---------- SUPPLIED DATA

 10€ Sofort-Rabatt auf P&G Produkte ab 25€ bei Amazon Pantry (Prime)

--------------------
---------- SUPPLIED DATA

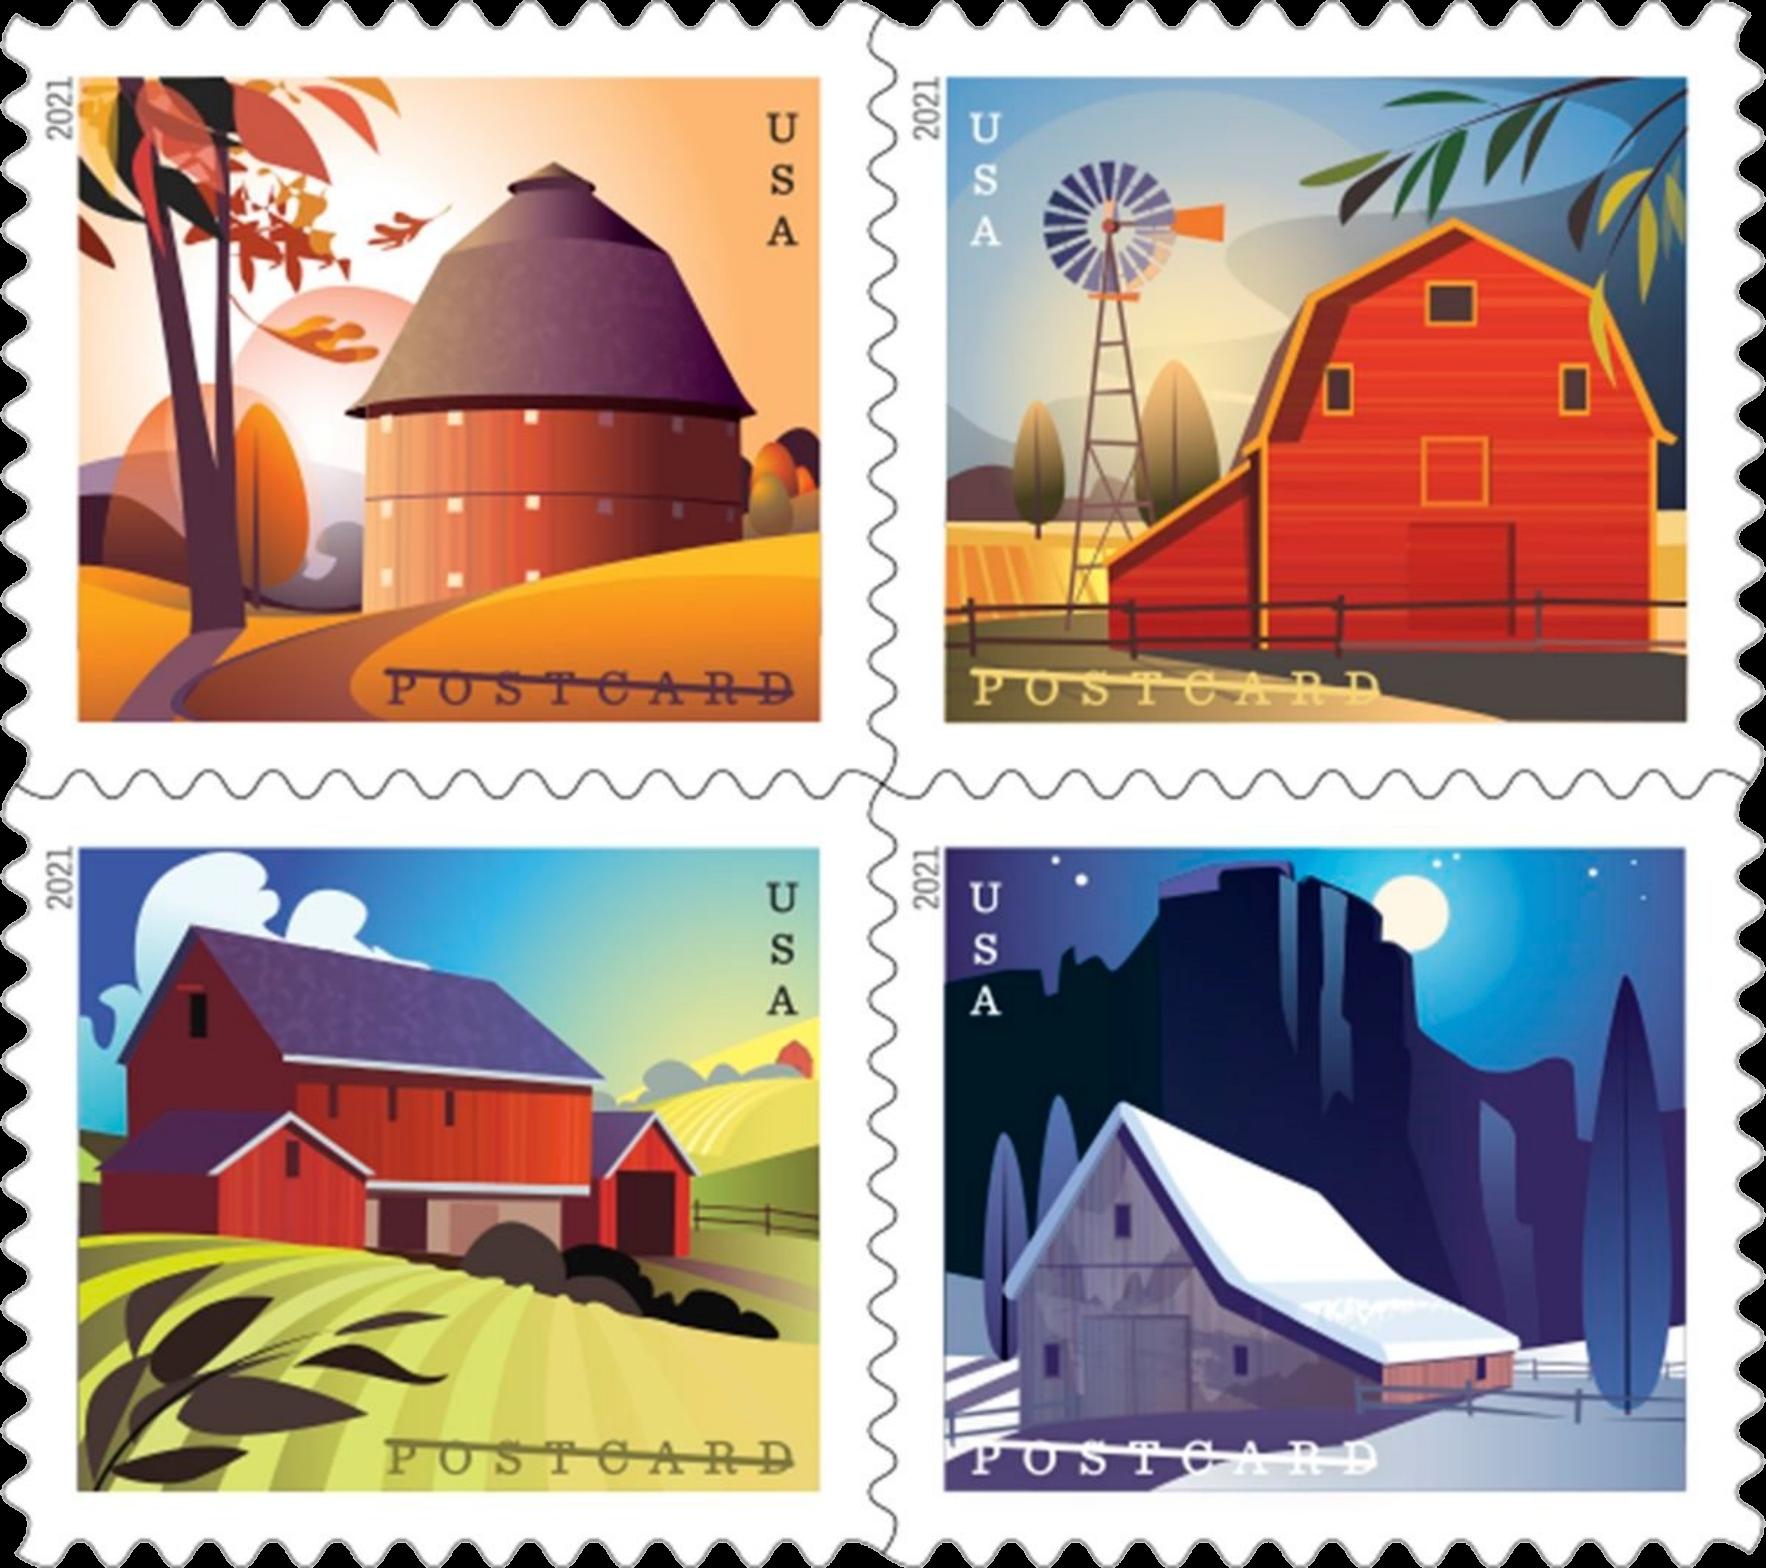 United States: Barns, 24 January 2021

--------------------
---------- SUPPLIED DATA

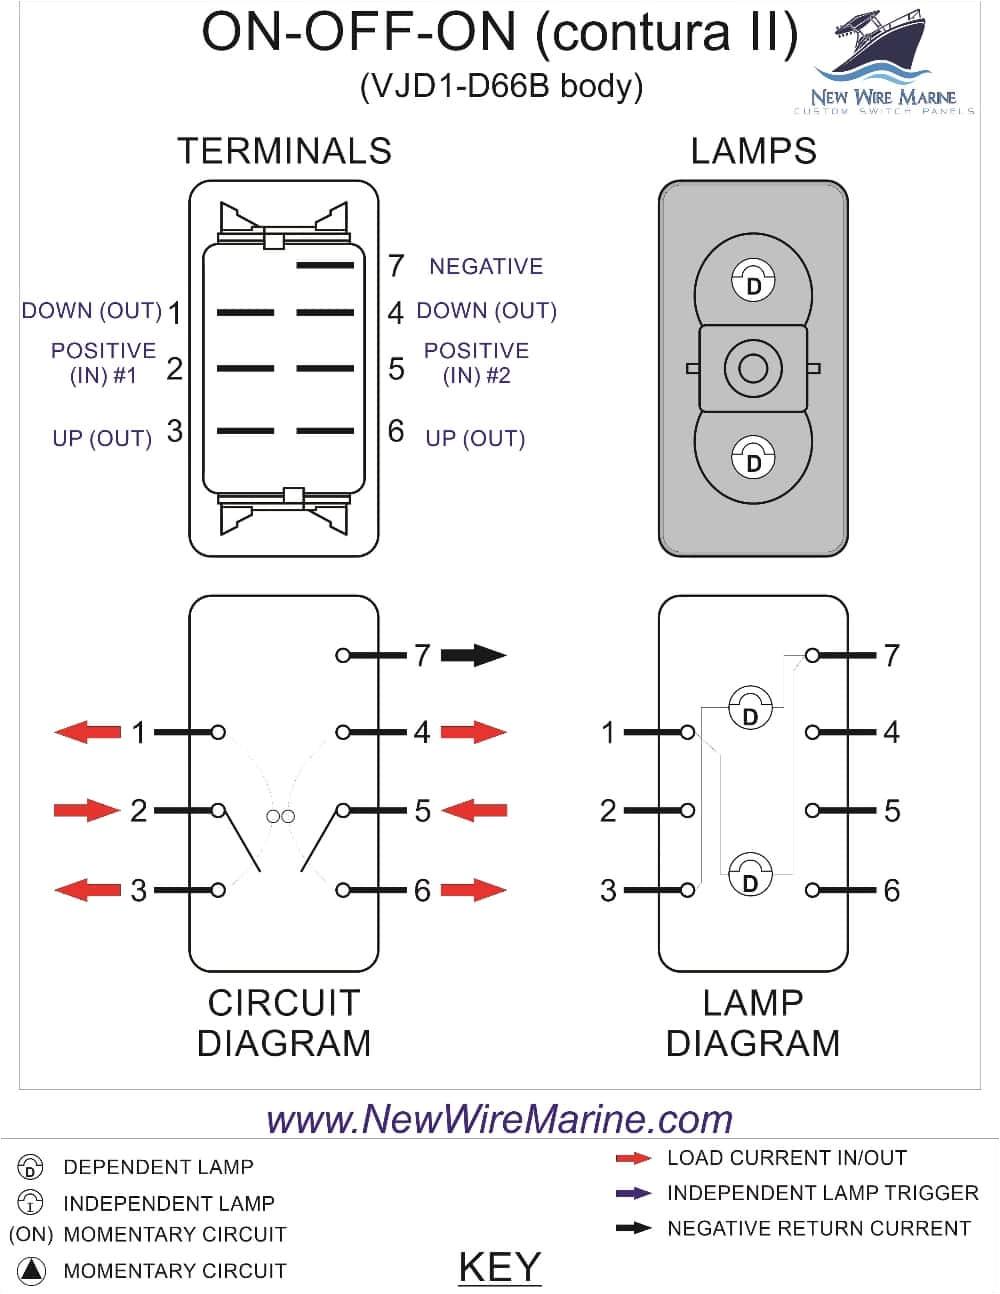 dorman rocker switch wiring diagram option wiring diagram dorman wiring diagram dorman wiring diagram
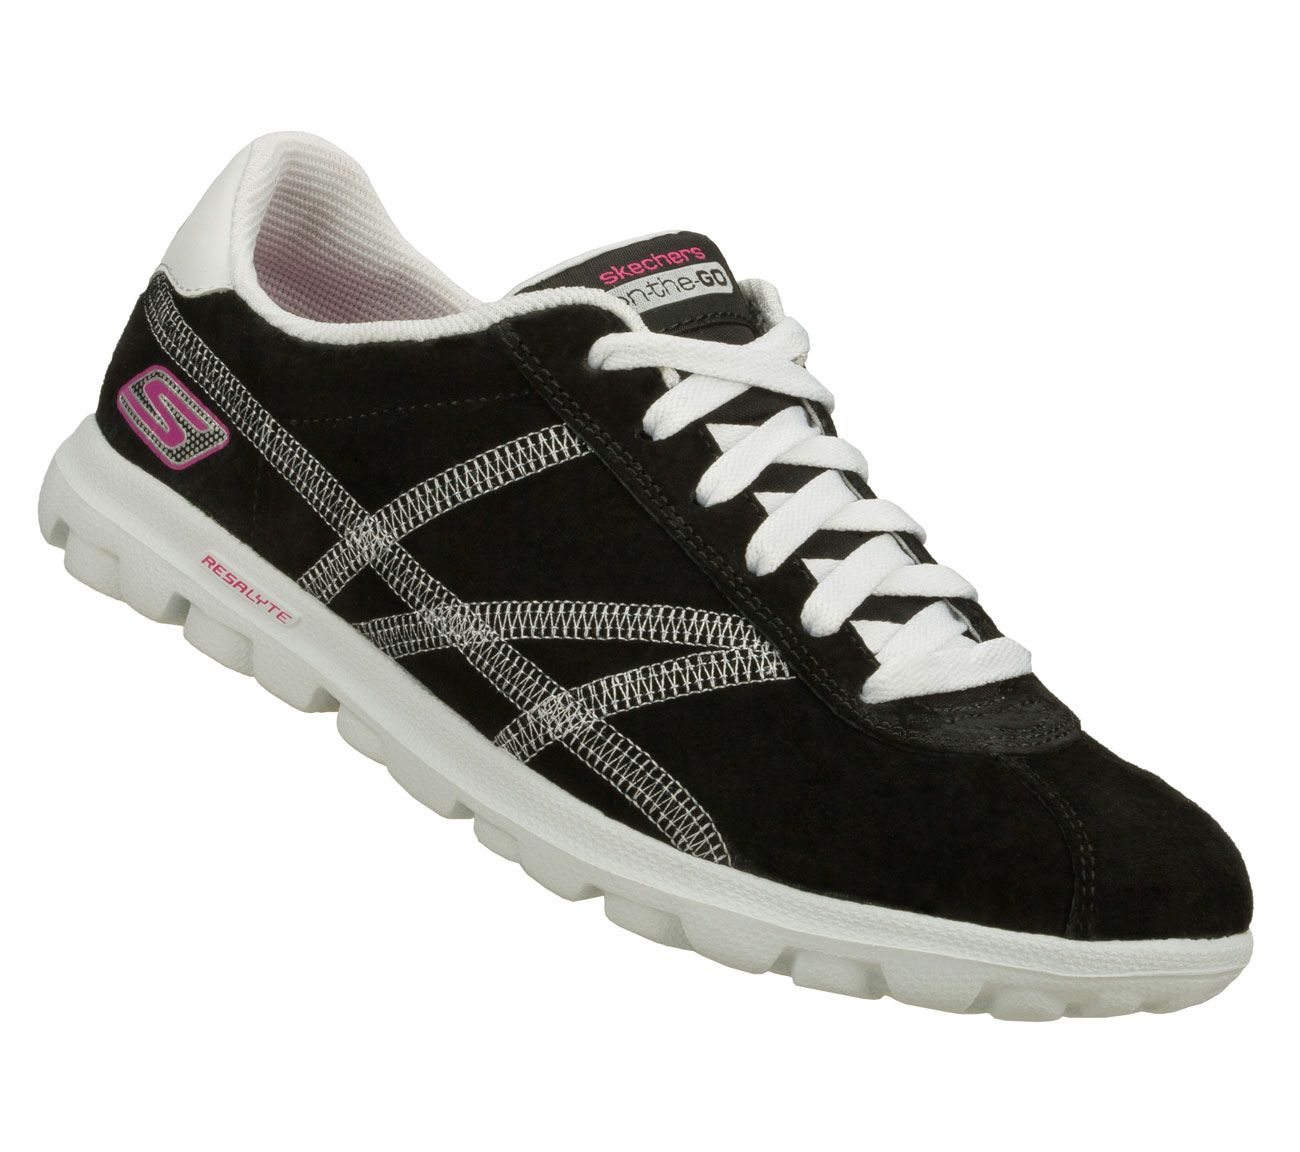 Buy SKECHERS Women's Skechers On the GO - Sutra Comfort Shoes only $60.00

--------------------

• **TASK TO CARRY OUT**:
Return, exactly as they stand, the lines above from the one with "dorman rocker switch" to the one with "Buy SKECHERS Women's", omitting any pictures among them.

• **YOUR SOLUTION**:
 dorman rocker switch wiring diagram option wiring diagram dorman wiring diagram dorman wiring diagram
 Buy SKECHERS Women's Skechers On the GO - Sutra Comfort Shoes only $60.00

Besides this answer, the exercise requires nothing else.